Also, I am on holiday for the next two weeks, so may not be contactable
via email. Just wanted to point out that I had not been aware of this issue.

~Ryan
Nicolas Pitre Oct. 14, 2011, 2:32 a.m. UTC | #27
On Fri, 14 Oct 2011, Ryan Mallon wrote:

> On 14/10/11 00:39, Nicolas Pitre wrote:
> 
> > On Thu, 13 Oct 2011, Russell King - ARM Linux wrote:
> > 
> >> On Wed, Oct 12, 2011 at 10:30:11AM +0200, Arnd Bergmann wrote:
> >>> On Tuesday 11 October 2011 20:03:38 Nicolas Pitre wrote:
> >>>> On Tue, 11 Oct 2011, Arnd Bergmann wrote:
> >>>>
> >>>>> I've stuck them into the arm-soc tree for now, so we get linux-next
> >>>>> coverage, but I won't send them to Linus this way because then we
> >>>>> would get the same commits twice in the history.
> >>>>
> >>>> Could you please do the same with the following:
> >>>>
> >>>>   git://git.linaro.org/people/nico/linux.git mach_memory_h
> >>>>
> >>>> Russell pulled it at some point, and dropped it due to concerns about 
> >>>> repeated conflict resolutions (or so I presume).  I just did a test 
> >>>> merge between your for-next branch and the above and that looked trivial 
> >>>> enough.
> >>>
> >>> Ok, done.
> >>
> >> Bypassing maintainers stinks - especially when there are unaddressed
> >> comments outstanding.  Nicolas has "simplified" my objections in this
> >> request for you to pull - and has completely ignored the problem that
> >> it breaks ZBOOT_ROM by deleting the zreladdr definitions on EP93xx
> >> with no way for that to be provided.
> > 
> > I also told you that EP93xx doesn't use ZBOOT_ROM anywhere, and that 
> > this was approved by the EP93xx maintainers.
> 
> As the less active of the two EP93xx maintainers I didn't agree to this.
> I don't know if Hartley did, but I can't find anything from him in a
> quick search of the list. I have Cc'ed him.

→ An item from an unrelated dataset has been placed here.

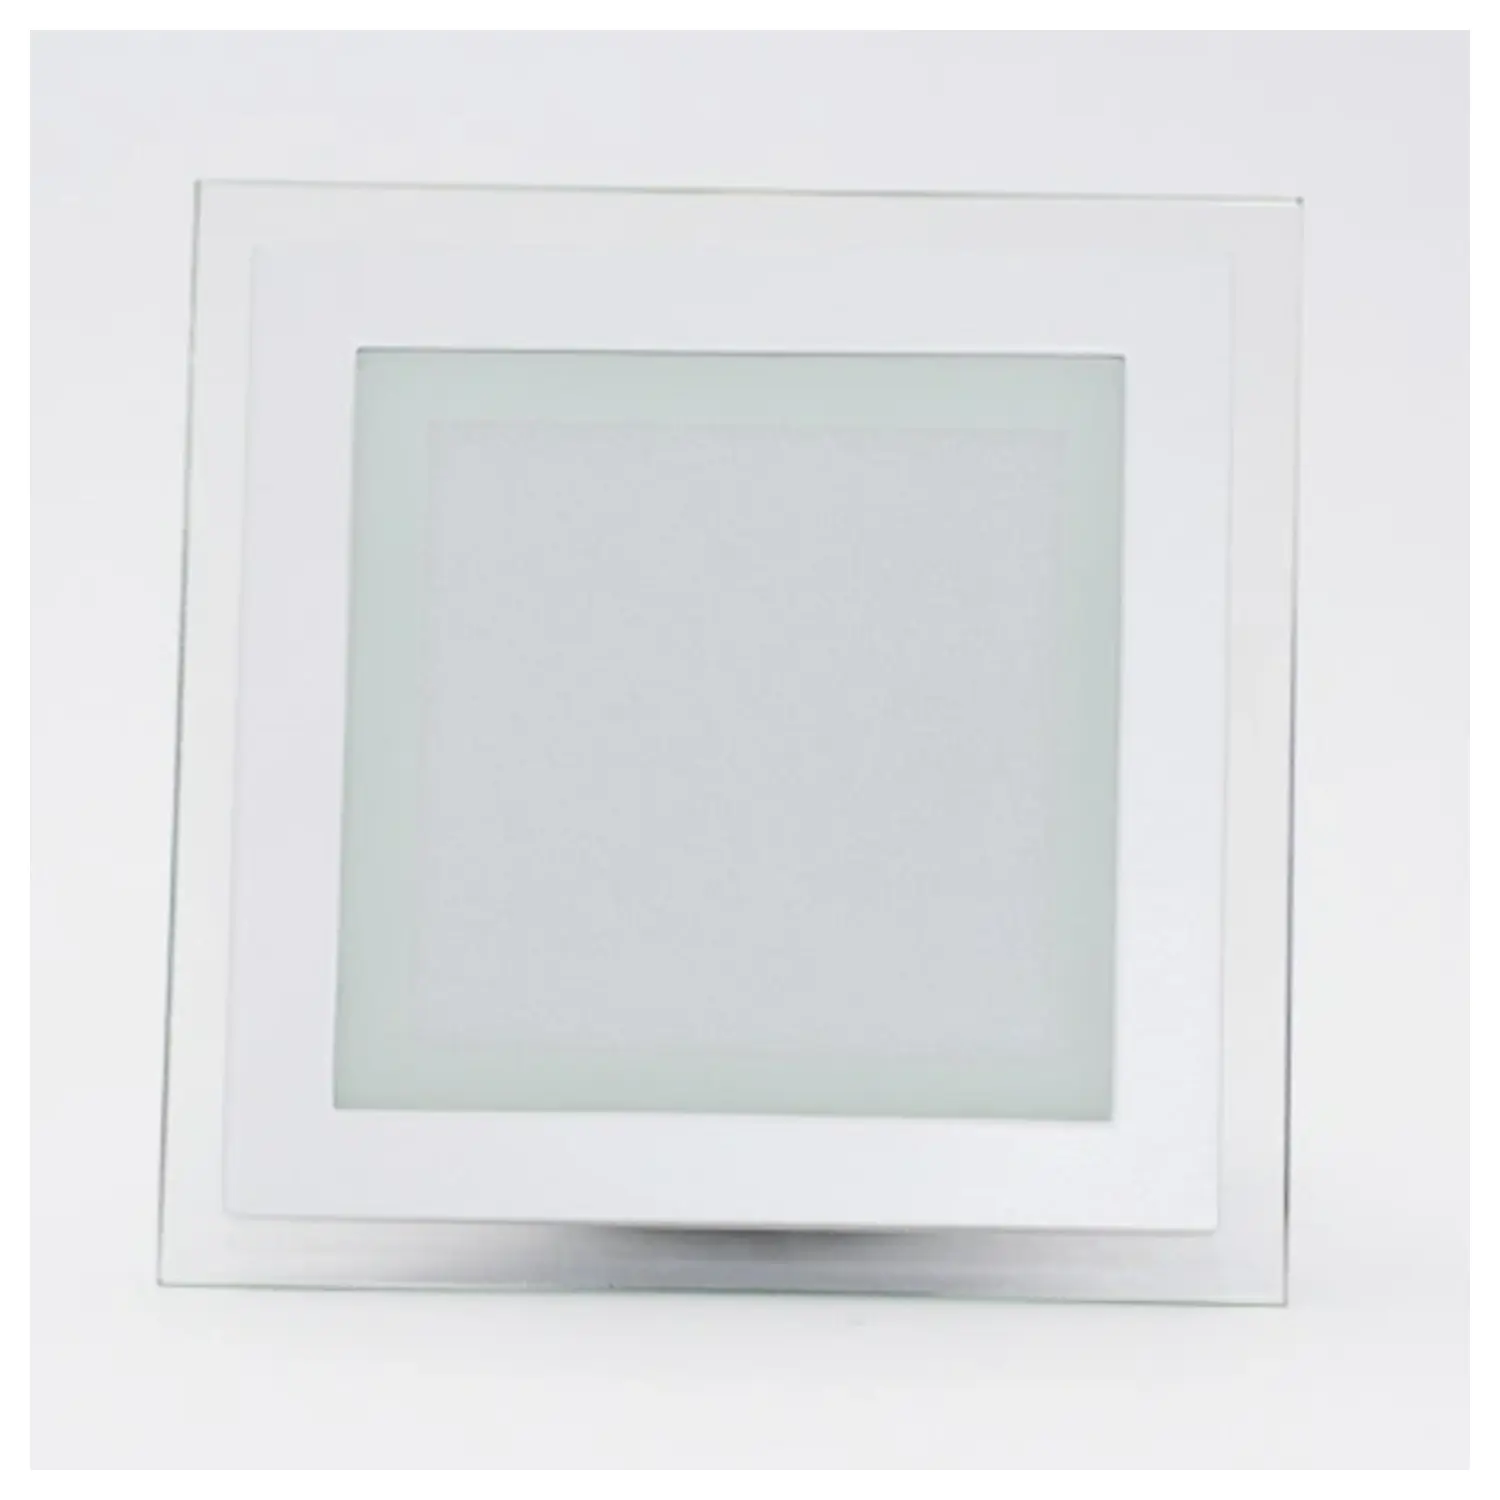 immagine del prodotto mini pannelo led cornice vetro incasso 12 watt bianco freddo quadrato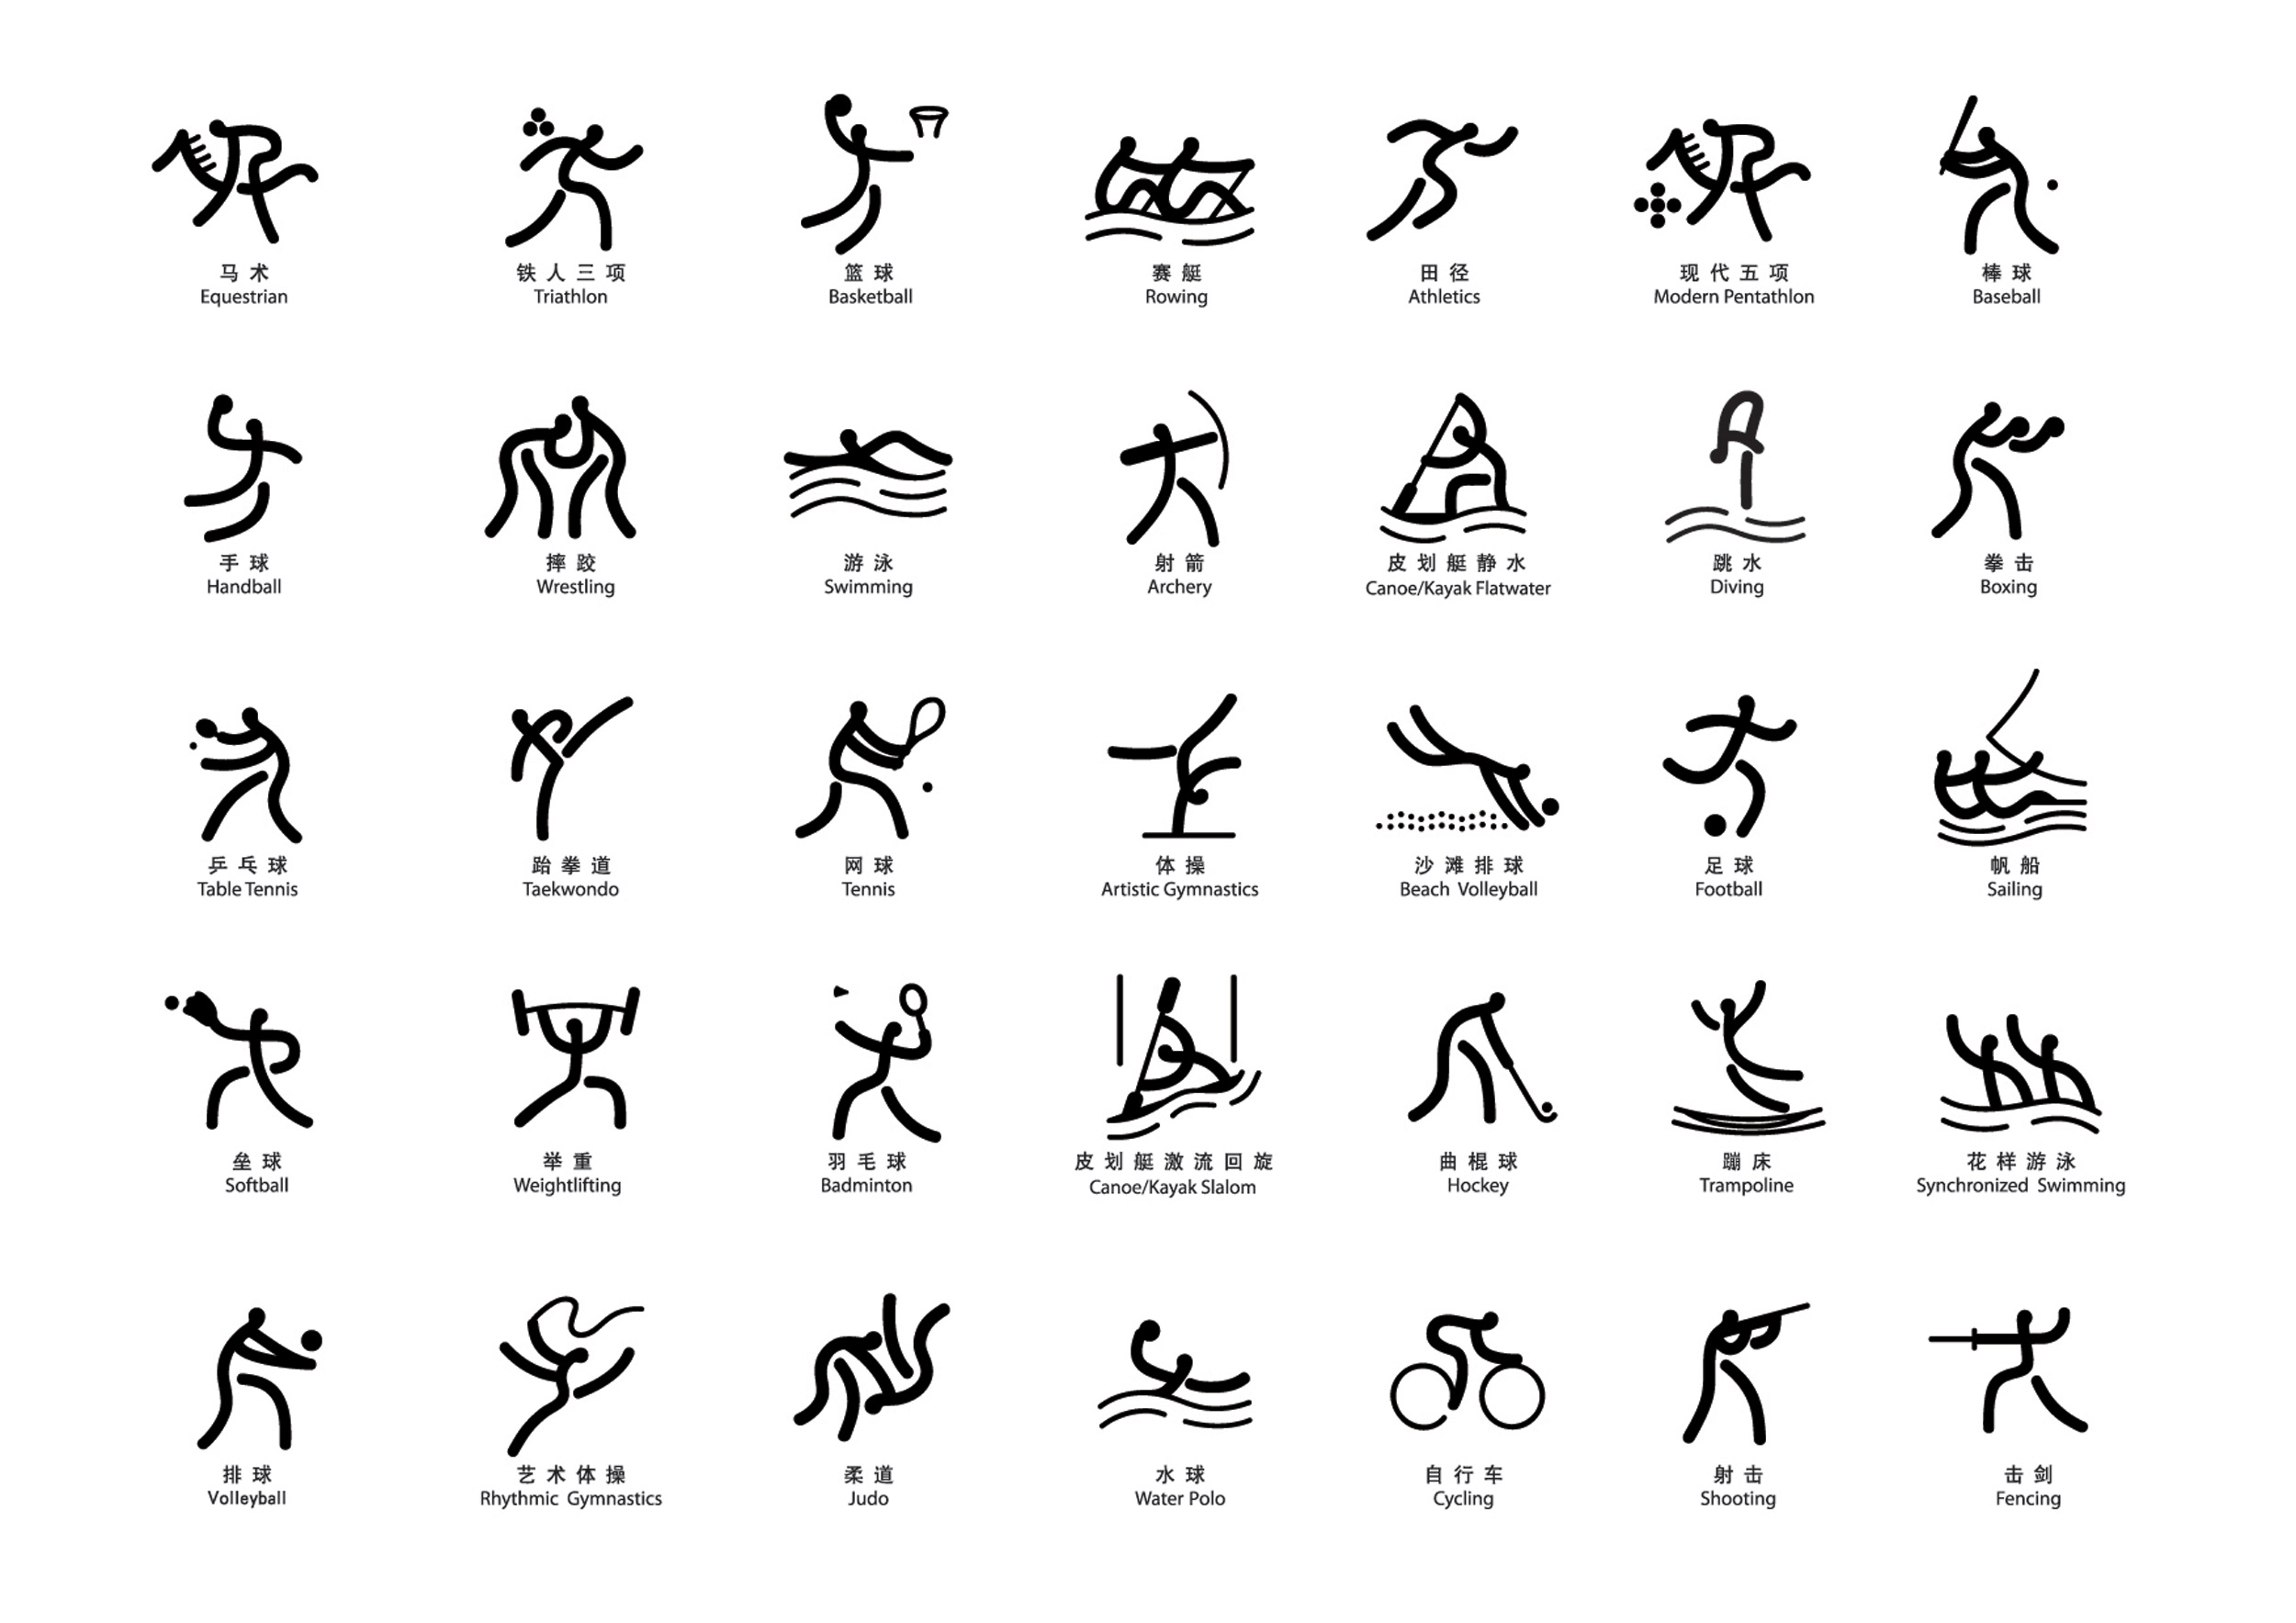 2008年北京奧運會圖示(2008年奧運會體育圖示)

See http://article.gmane.org/gmane.linux.ports.arm.kernel/124151 
Granted, while he agreed to the removal of the zreladdr definitions, 
reading this again he didn't _explicitly_ agree to the disabling of 
ZBOOT_ROM.  I didn't mention it either, so let's put that on a 
miscommunication on my part.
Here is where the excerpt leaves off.